The Berkeley Lab project is the responsibility of X. Chelsea Chen, a postdoctoral researcher working in Berkeley Lab’s Materials Sciences Division. Chen had been investigating polymer materials used in fuel cell technology when she learned about the drug-capture system.

She saw that the proposed device could benefit from the property in the fuel cell materials which allows them to attract and capture certain molecules, while allowing other types of molecules to flow through.

This is important, since an increasingly popular liver-cancer treatment, known as TACE, can allow up to half of the chemotherapy dose to reach the rest of the body, with negative side effects. “In our lab experiments, the current design can absorb 90 percent of the drug in 25-30 minutes,” Chen said.

Removing a toxin after tumor treatment

Steven Hetts, an associate professor of radiology at UC San Francisco and an interventional neuroradiologist at the UCSF Medical Center, conceived of the new treatment system that Chen works on, called ChemoFilter.

Hetts specializes in treating eye tumors by pumping chemotherapy medication to the tumor through a catheter, or tube, which is navigated via a pathway of arteries beginning in the thigh.

“You can get very high concentrations of that chemotherapy in the eye and relatively low concentrations in the rest of the body, but some will wash through the eye and into the veins in the head,” Hetts said. “It occurred to me that maybe we could navigate a separate catheter into the vein that drains the blood, and have a material that binds up any excess chemotherapy.”

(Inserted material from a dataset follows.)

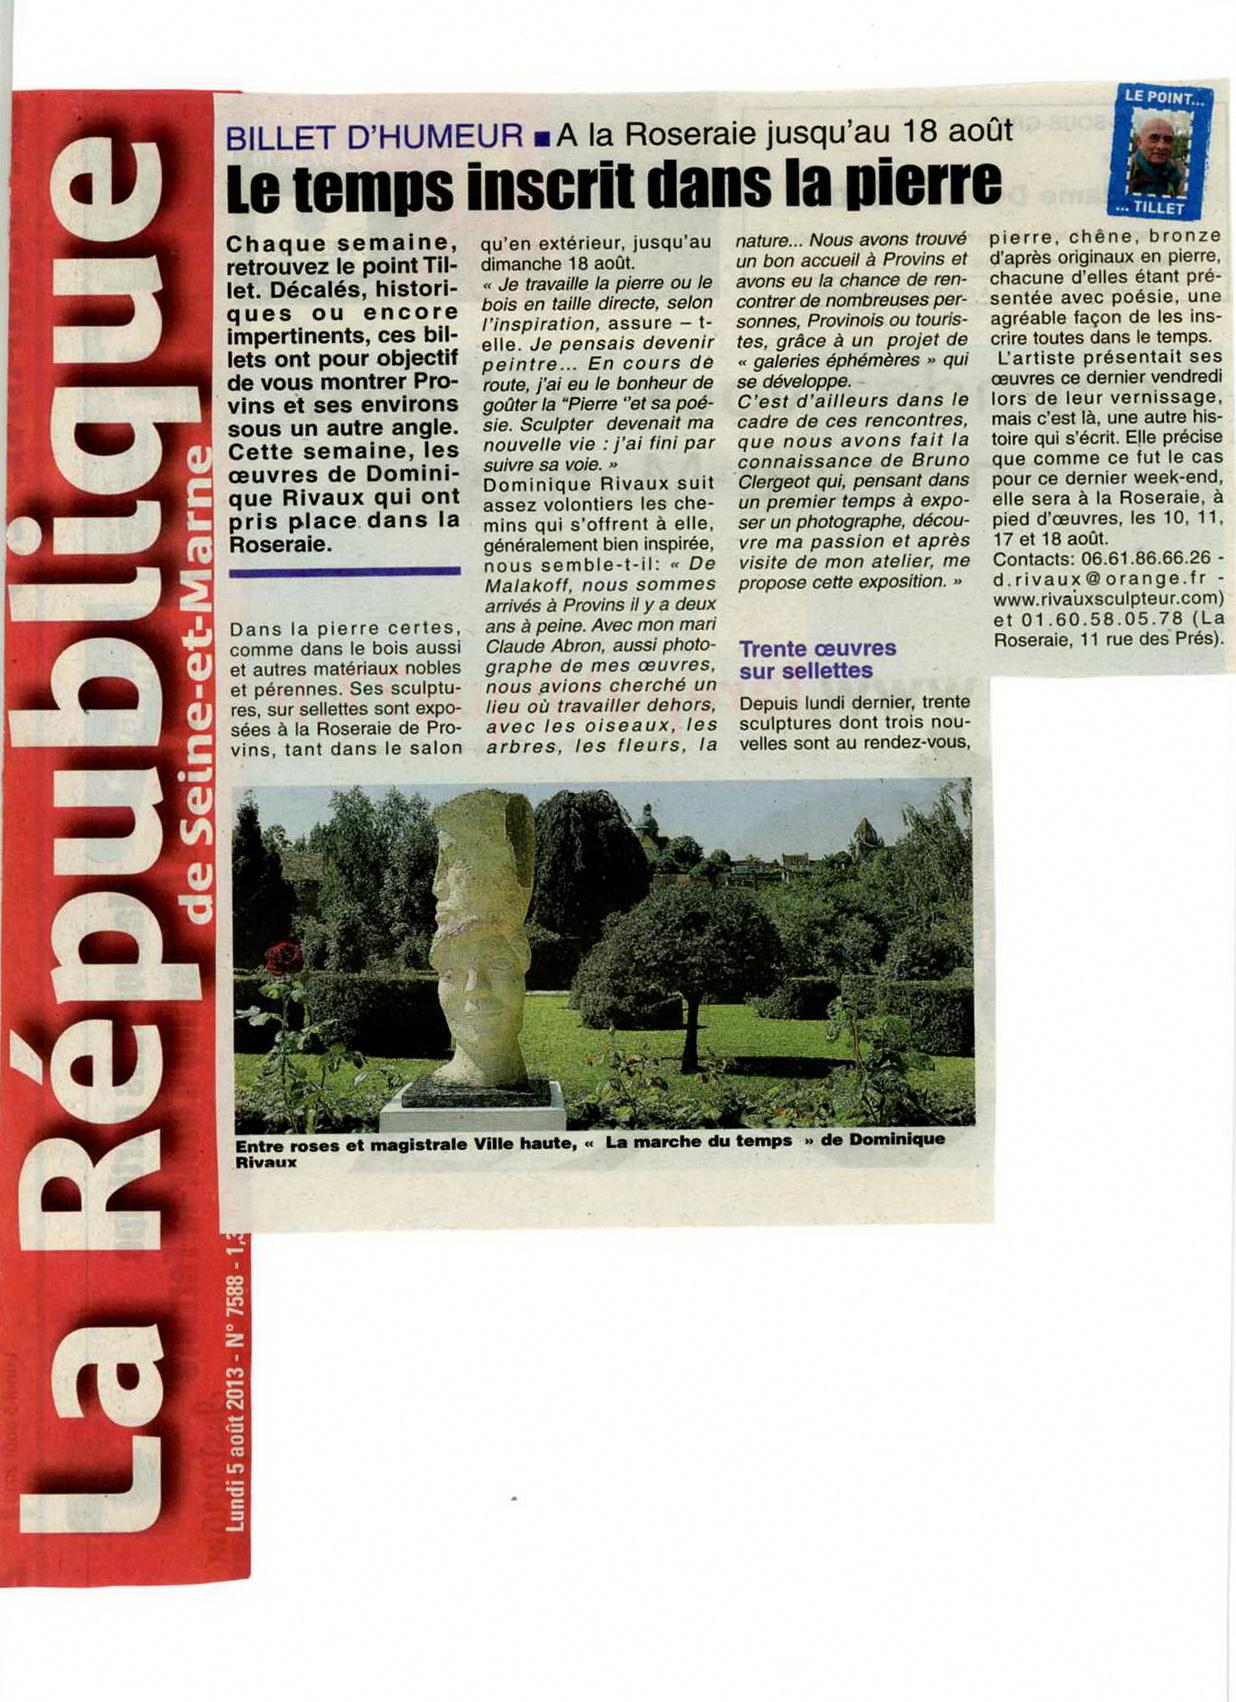 Article de Rémy Tillet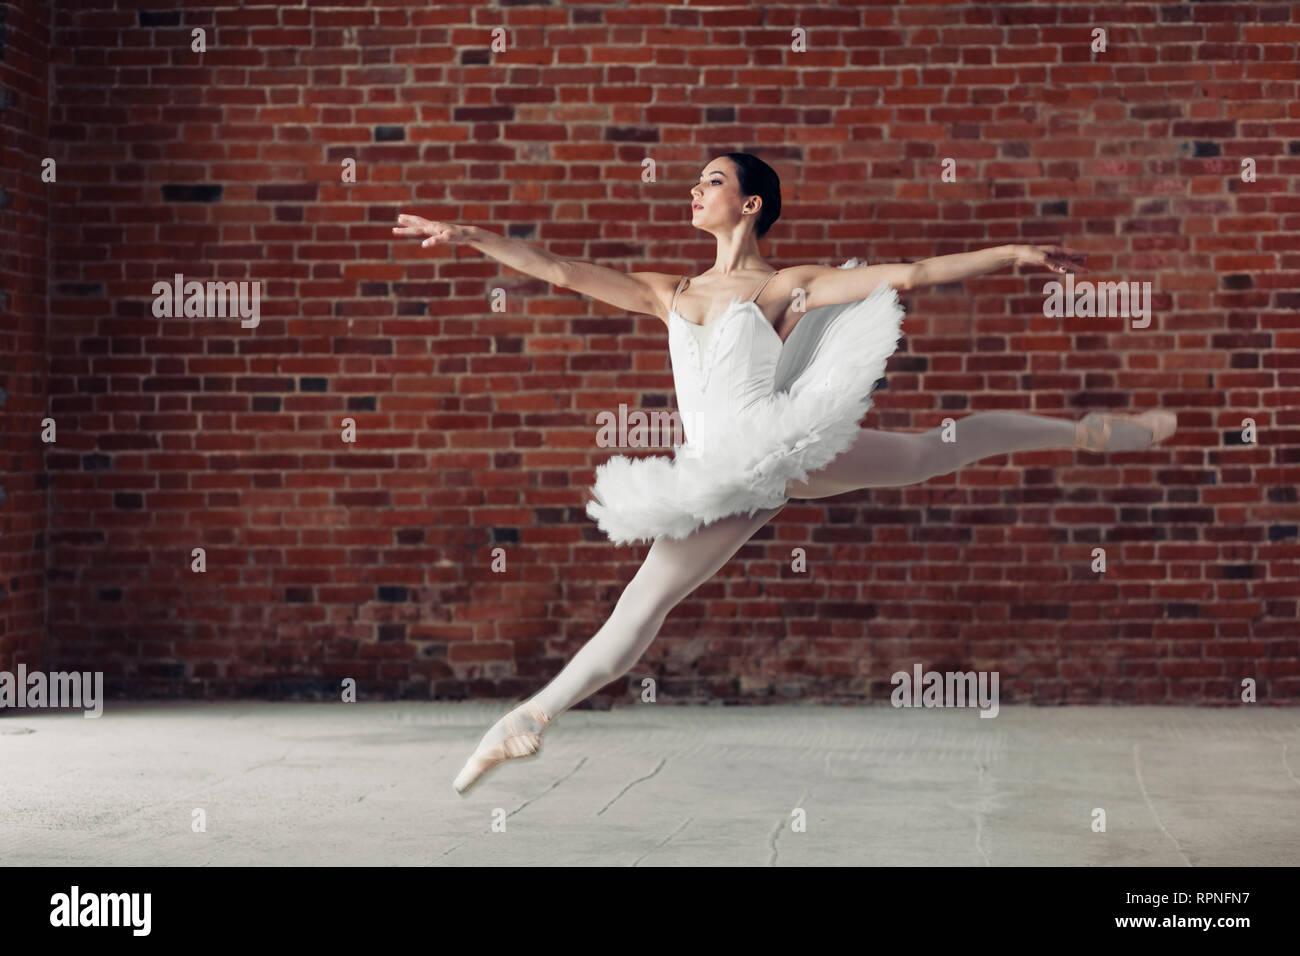 6074445533 Atractiva bailarina haciendo un salto

While the eye cancers he treats are rare, he saw a need to improve treatment options for liver cancer, which is the third-leading cause of cancer deaths globally, with an estimated half a million new cases each year.

Hetts enlisted Berkeley Lab, and Chen began to work on materials based on Hetts’ concept. The research team received a patent for a ChemoFilter system in April, which could find use in human cancer treatment within a couple of years.

Next-gen drug-capture devices

But the work isn’t over. Chen continues her work at DOE facilities, from Berkeley Lab’s Molecular Foundry to its Advanced Light Source and SLAC National Accelerator Laboratory’s Stanford Synchrotron Radiation Lightsource. These facilities allow her to develop new materials and better understand the drug-capture mechanism at microscopic scales and inform new designs.“Without these awesome images from the Foundry and ALS, we wouldn’t know how to optimize the performance of the materials,” Chen said.

Hetts said he looks forward to the development of more “cutting-edge” versions of ChemoFilter devices that are tailored to a wide range of treatments.
“This project has moved forward nicely and I’m really impressed,” he said. “It’s been a great experience in coming together to create these devices, and I’m looking forward to continuing it.”